The idiot making the observation that he can't find any meaningful examples of the suffix's use in "Slavic" and that an expert is needed to verify any findings is ether willfully ignorant or a complete numbskull.

[B]Bitola Region:[/B]
• Bareshani
• Crnichani
• Dragozhani
• Karamani
• Kazhani
• Kukurechani
• Loznani
• Novoselani
• Obershani
• Rashtani
• Sekirani
• Zlokukyani
[COLOR="Red"]• Dobroveni
• Oleveni
• Zhabeni[/COLOR]

[B]Prespa Region:[/B]
• Podmochani
• Krani
• Ezerani
[COLOR="red"]• Drmeni
• Kriveni
• Gorno Dupeni
• Dolno Dupeni[/COLOR]

[B]Ohrid Region[/B]
• Elshani
• Peshtani
• Trojani

[B]Prilep Region[/B]
• Galichani
• Peshtani
• Smolani
• Topolchani
• Veprchani
• Veselchani
• Zagorani

[B]Veles Region[/B]
• Novochani
• Rashtani

[B]Kavadarci Region[/B]
• Brushani
• Koshani

Karposh 07-23-2020 04:45 AM

[QUOTE]The derivation of the name Metsovo—from the words Mitsous and Mesovounon or from the unattested Slav word *Mẹčovo, meaning bear-place—which has been proposed by academics and historians, is not confirmed by linguistic research. On the contrary, there appears to be an etymological relation between the Vlach Minʤu and the Greek Metsovo, the latter being a combination of the stem Mets and the Slavic-ending ovo.[/QUOTE]

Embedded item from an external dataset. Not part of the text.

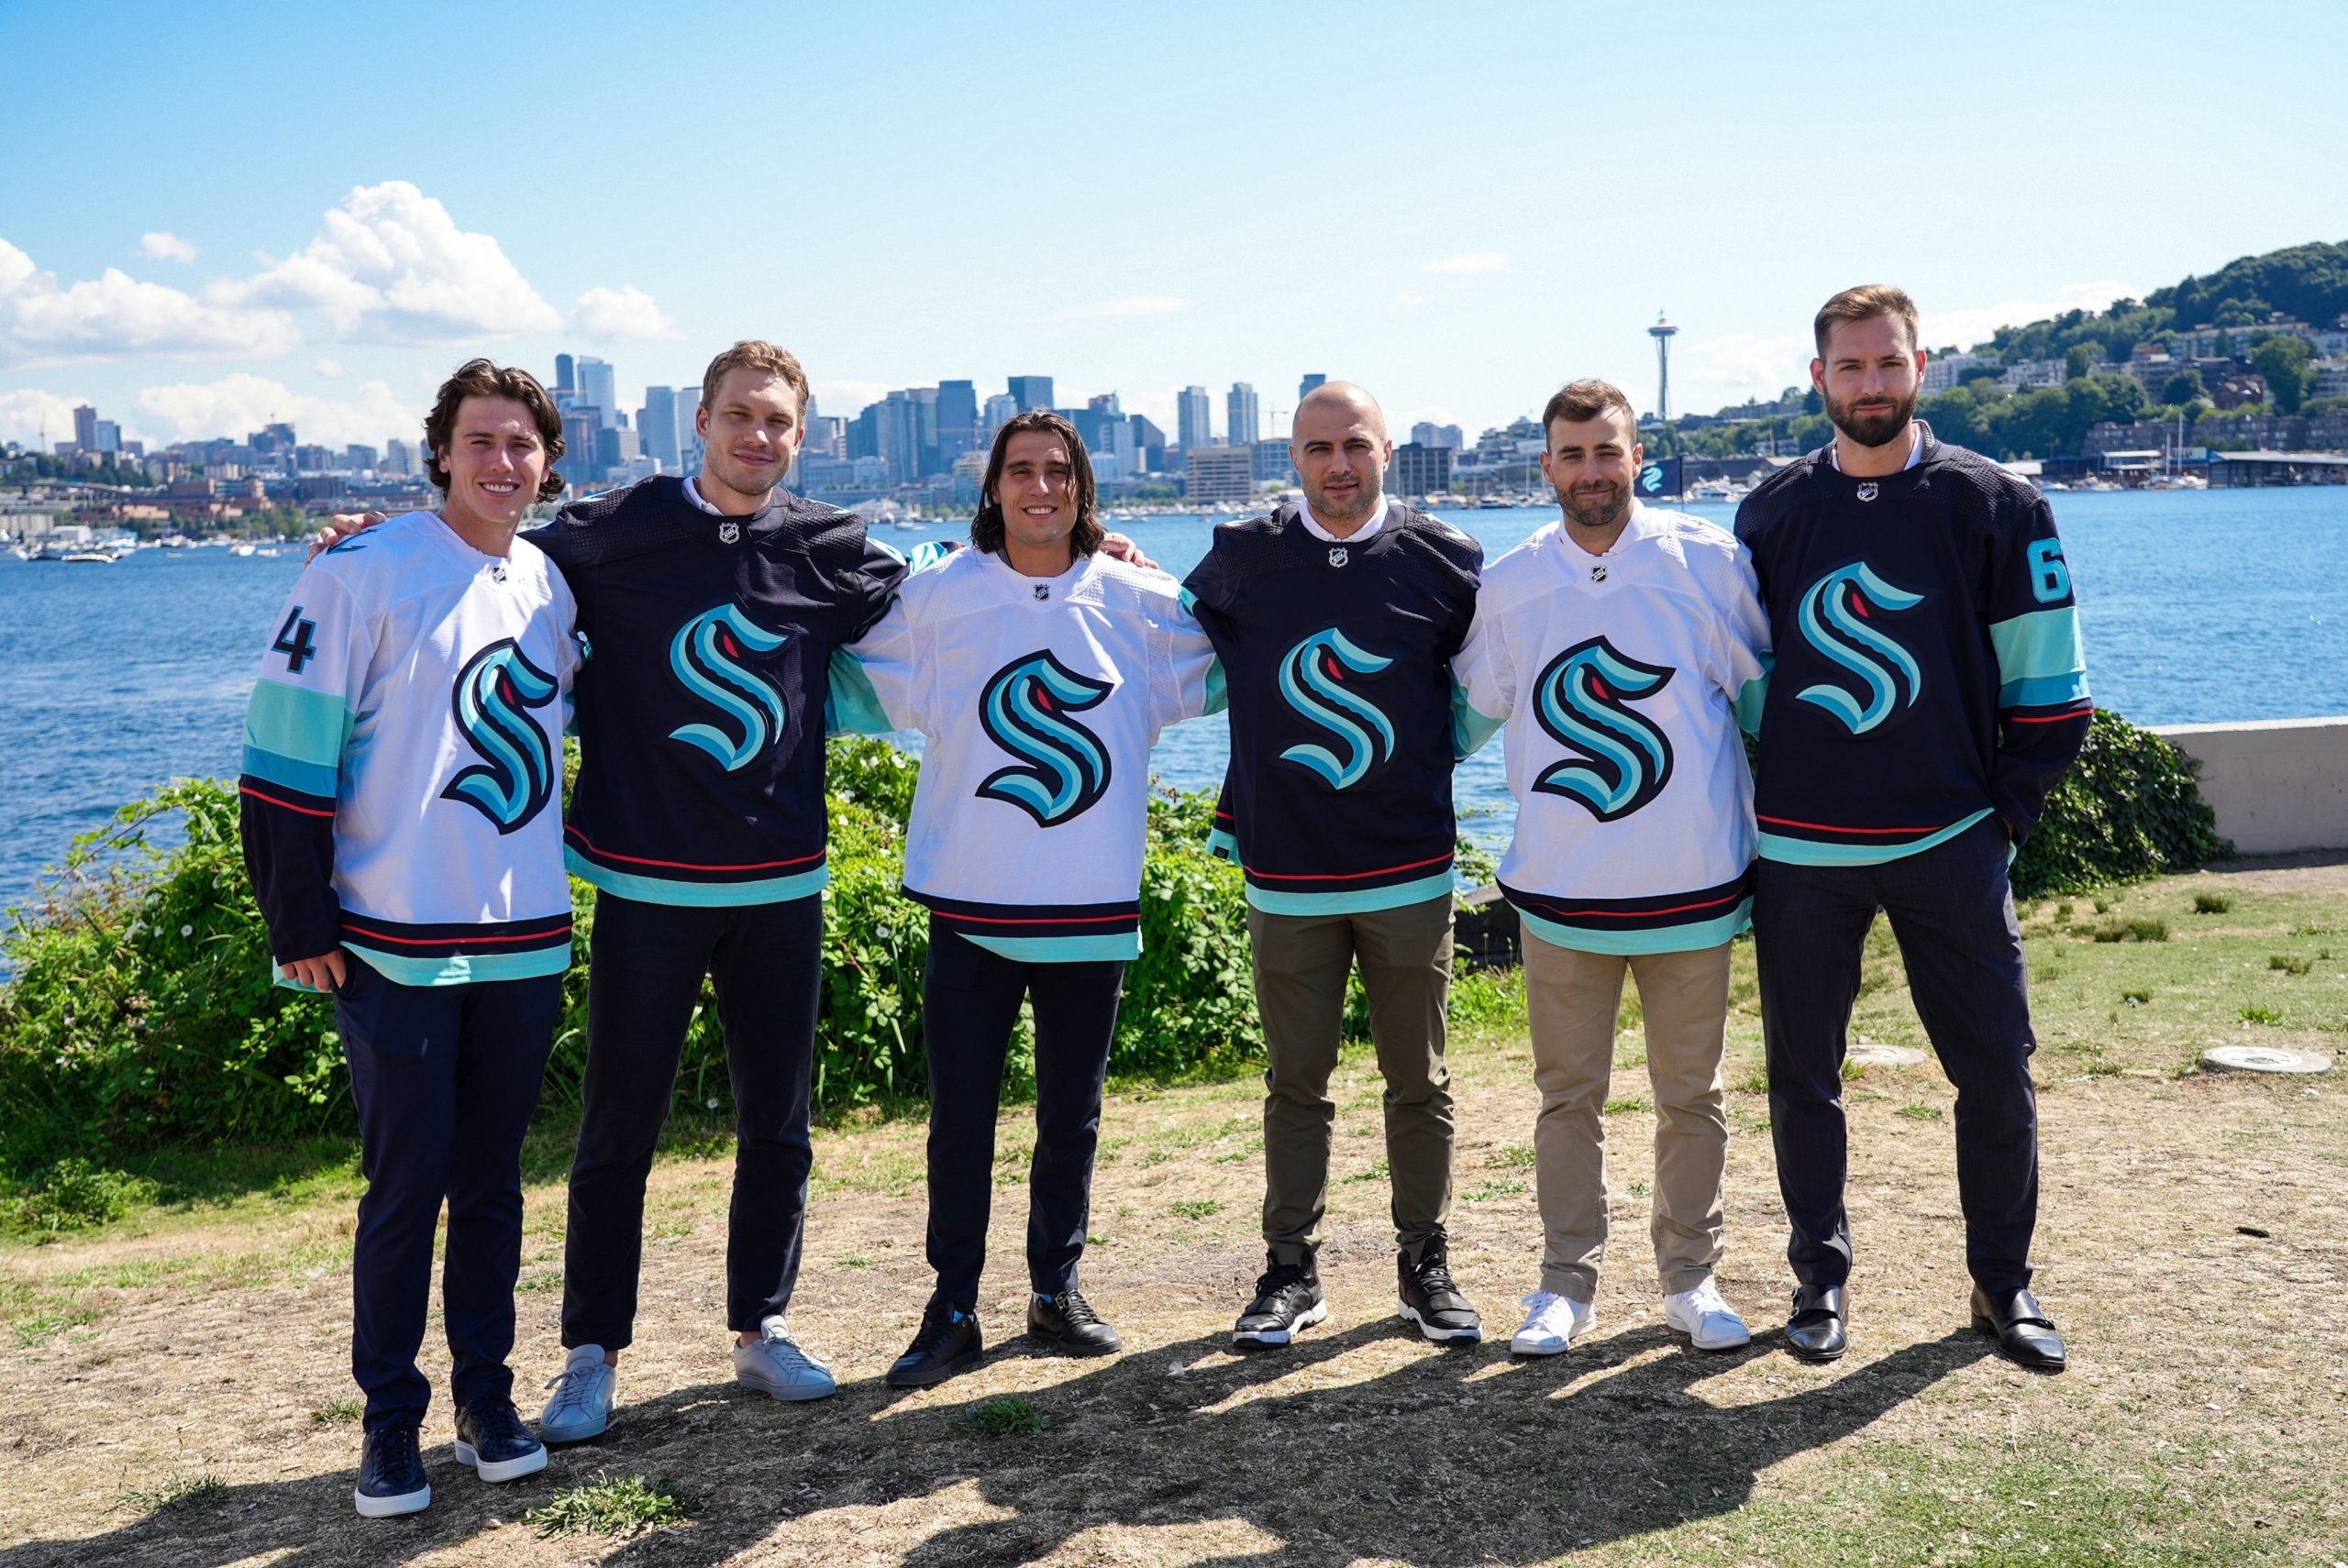 Release the Kraken: Seattle ready for NHL debut after expansion draft

Mechovo is apparently an unattested Slavic word for the place name Metsovo according to the genius in the above quote before he/she goes onto clumsily sell the case for a Vlach or Greek derivation for the word. However, the case for a Macedonian origin of the name grows stronger when you consider that, in Macedonian, the diminutive form of Mechka (a bear) is Metsa. Often, when parents speak to their children (especially during story time) a bear is often referred to as “Baba Metsa” that is, Grandma Bear. Regardless of whether the original word was Mechovo and the current term, Metsovo, an apparent bastardisation of the original, both Mechovo and Metsovo work in Macedonian and have exactly the same meaning. The latter being a term of endearment for a bear.